Universities must be wary of giving up their strengths for the sake of ‘radical transformation’
COMMENT
In a recent edition of the Mail & Guardian, you reported on the resignation of Professor Gordon Zide (“VUT vice-chancellor retires early”, October 18). The article also characterised the Vaal University of Technology (VUT) as an institution struggling to position itself at a particular historical juncture as it moves into an era of digitisation, interconnectivity, virtualisation and automation.
It is my sense that such a claim warrants a response, particularly from an insider. Universities essentially provide research and skills development. All universities in South Africa started off as providers of technical ability, especially to the mining sector, at the turn of the 20th century. VUT, like other technical colleges, was founded in the mid-1960s. Its mandate was to provide particular skill sets for the intermediate level of the economy as economic activity began to shift from the industrial age towards the post-industrial dispensation.
The distinction between these economic paradigms is important to better understand how they influenced choices about which skill sets should be developed at these institutions and to what particular end. For instance, it was justifiable in the 1960s, during the industrial age, for technical colleges to develop certain skill sets but the development of these skill sets under materially different economic conditions became untenable.
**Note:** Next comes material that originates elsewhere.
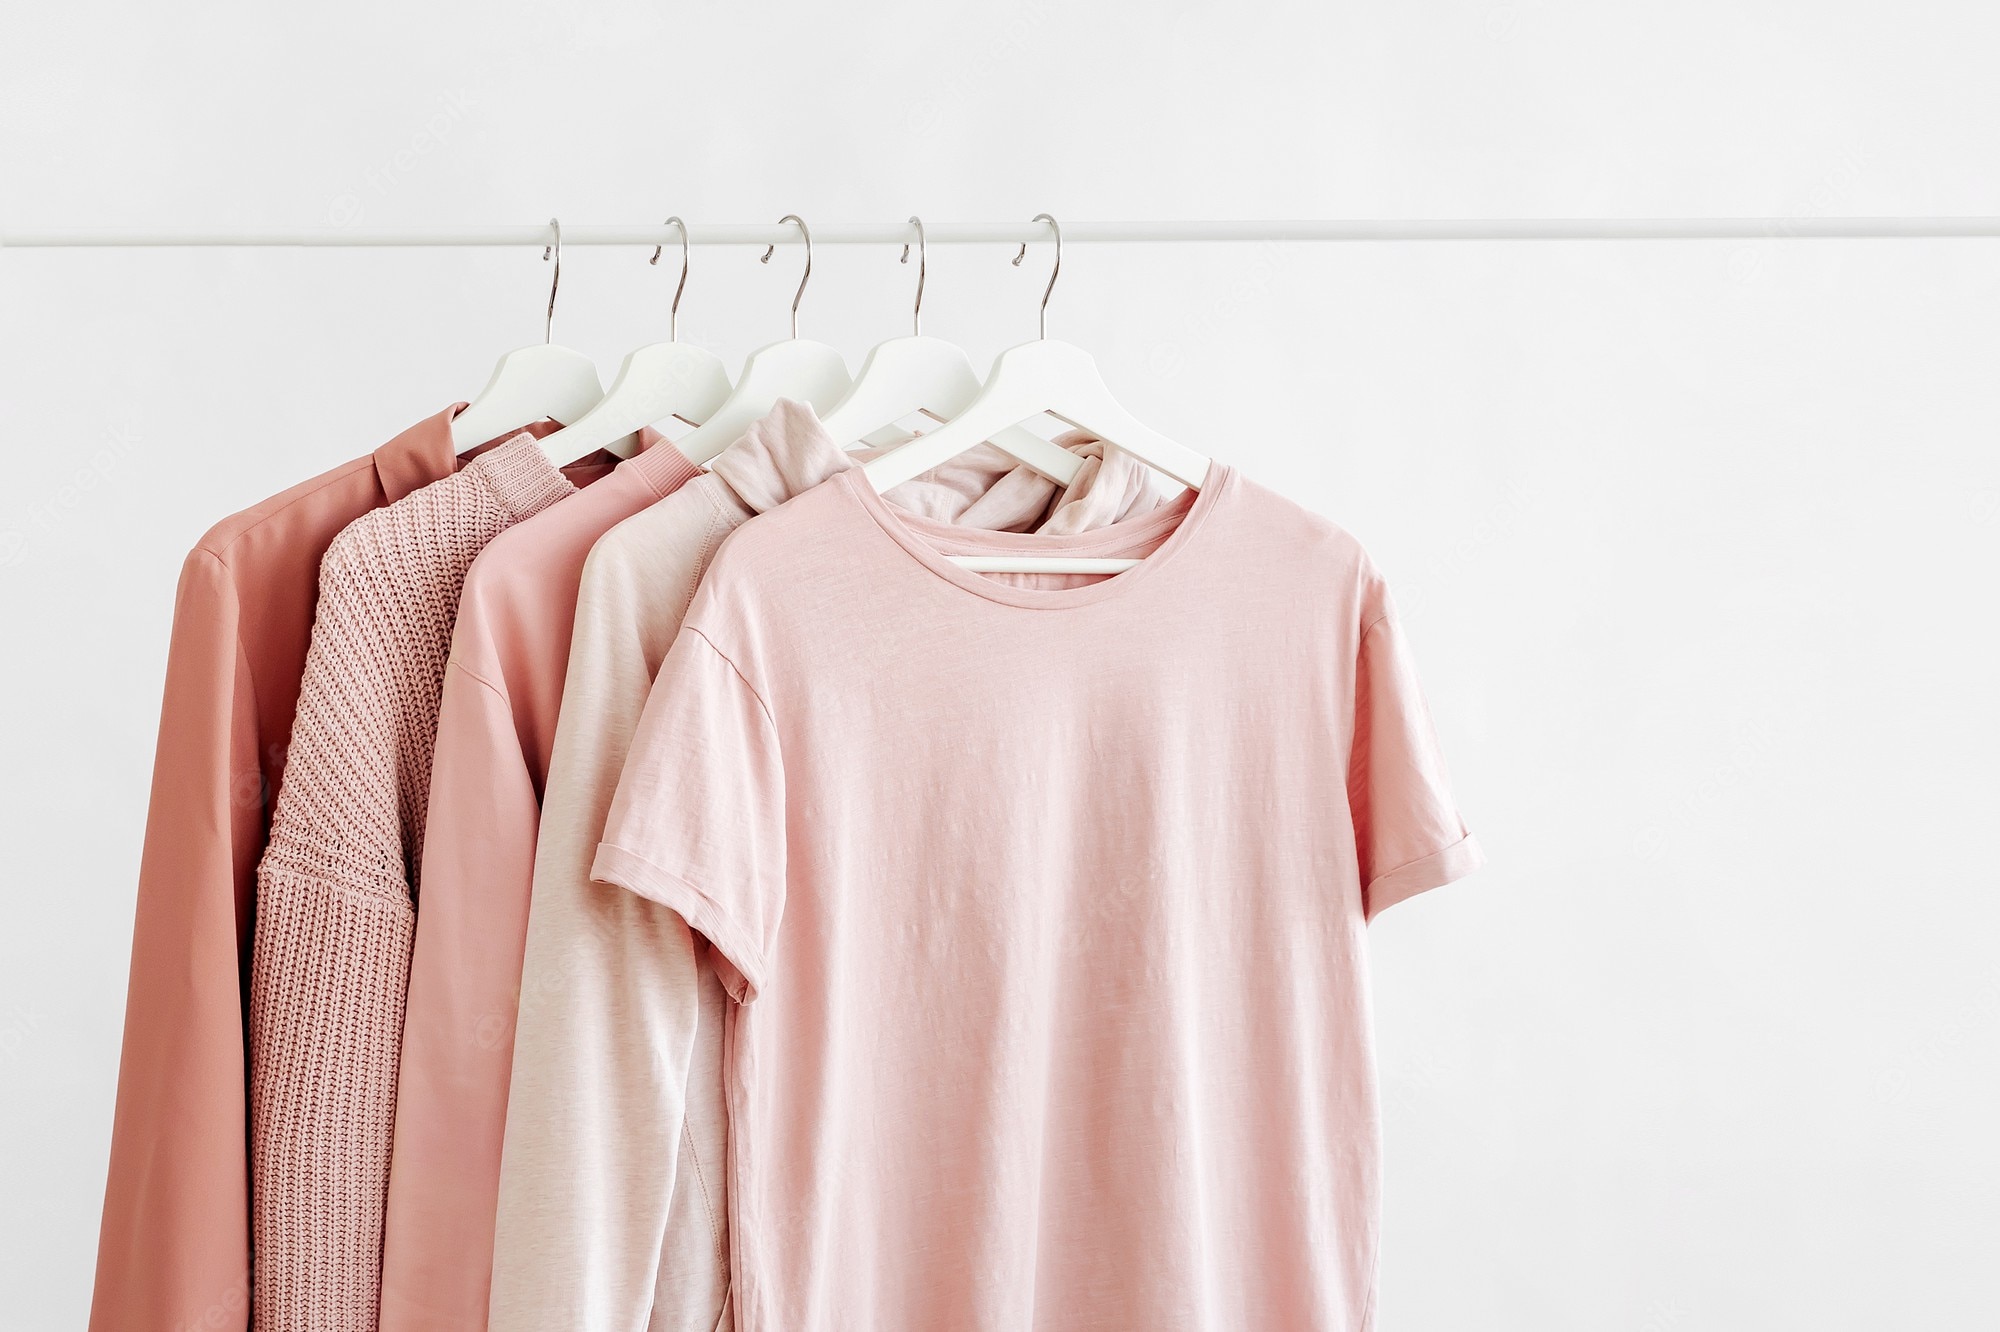 Premium Photo | Feminine clothes in pastel pink color on hanger on white background. spring cleaning home wardrobe. minimal fashion concept.
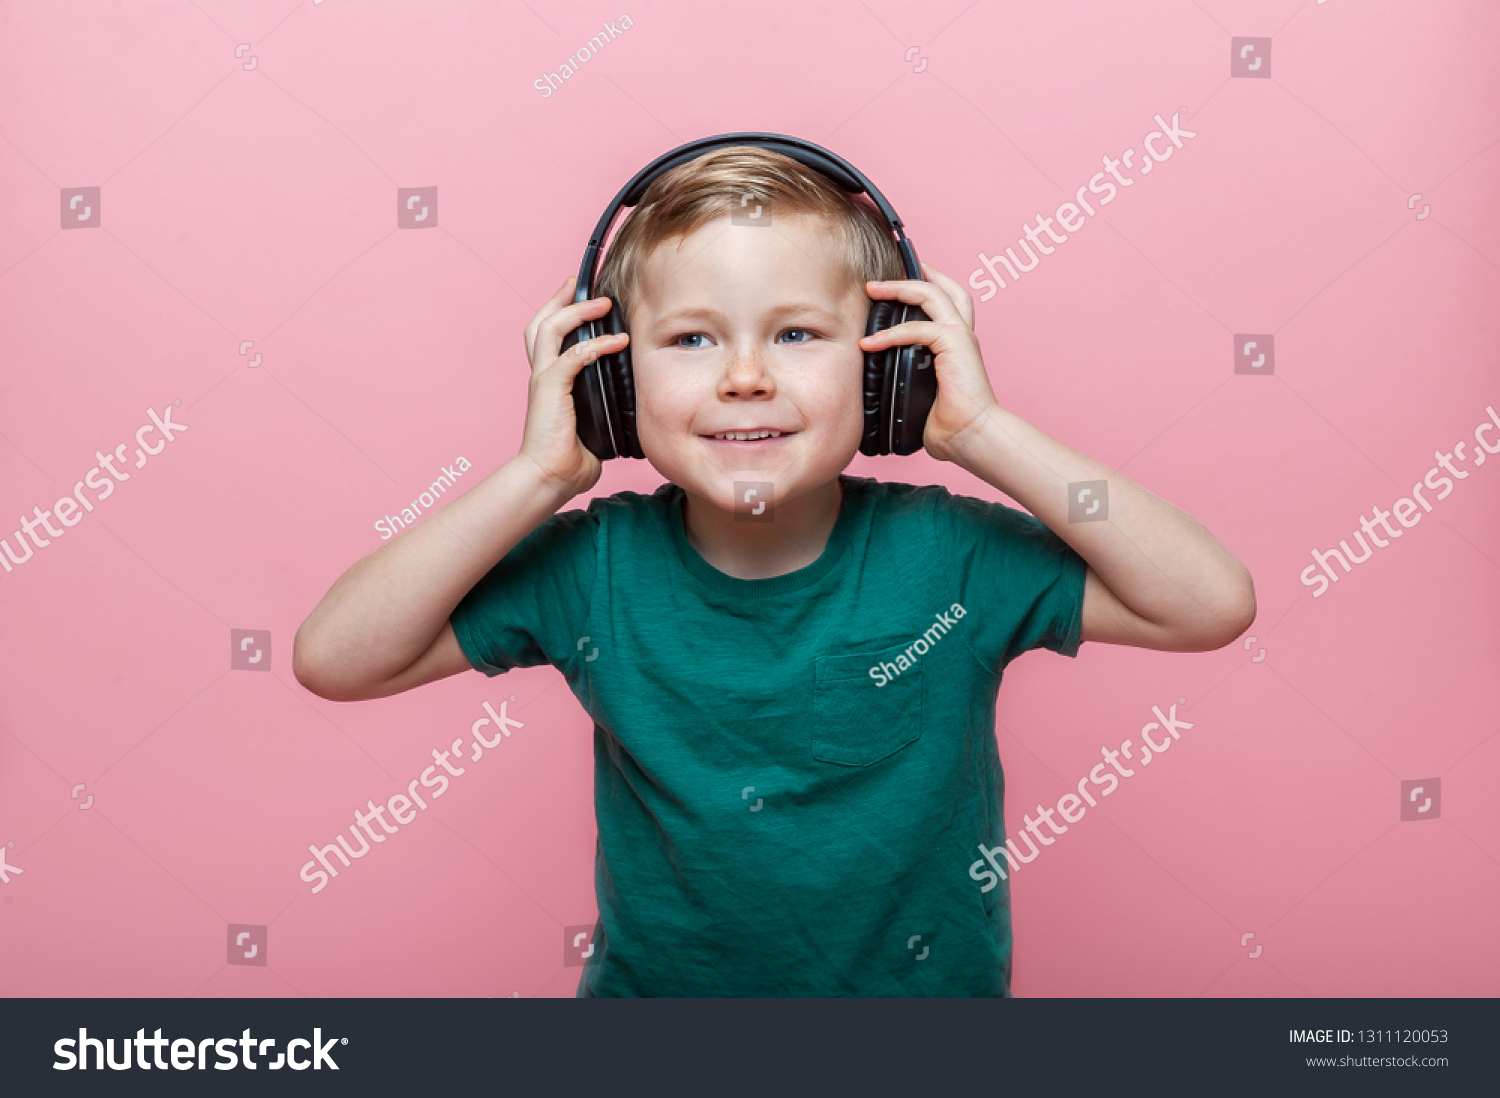 Blue-haired boy listening to music - wide 7

This resulted in the name change of such institutions, as the technical colleges of the 1960s became technikons in the 1980s when the advent of the post-industrial era started to affect how the workplace was structured and demanded new sets of skills. The industrial age required minimal technical knowledge and less than 1% of the workforce needed more than one year of training. The rest of the workforce were semi-illiterate cheap labour drawn, in the South African context, mostly from Africans who lived in townships.
This explains why technical colleges such as VUT (the Vaal Triangle Technical College at the time) serviced mostly white students, as they would be the ones to assume middle-management technical and engineering positions. But the post-industrial era that began in the early 1970s required a different set of skills. Many jobs were being taken over by big machines, which marked the onset of production automation. This reality of technological advances and their direct effect on employment patterns has generally been ignored in developing students’ skills. This economic development resulted in huge swathes of unskilled labourers losing their jobs.
This era marked the rise of service and knowledge industries that created new employment opportunities but also demanded new, multiple skill sets, and so the period of reskilling, multi-skilling and upskilling began. In response, technical colleges became technikons to meet the demands of the new economic dispensation. VUT became the Vaal Triangle Technikon, based on the pedagogical model of knowledge and experiential learning, as well as recruitment of industry experts as lecturers. The post-apartheid era sought to increase access to higher education to previously disadvantaged groups through massification. This allowed them to gain certain skill sets sellable to the labour market as apartheid economic activity — a huge resource accumulation project — shifted towards serving a democratic dispensation.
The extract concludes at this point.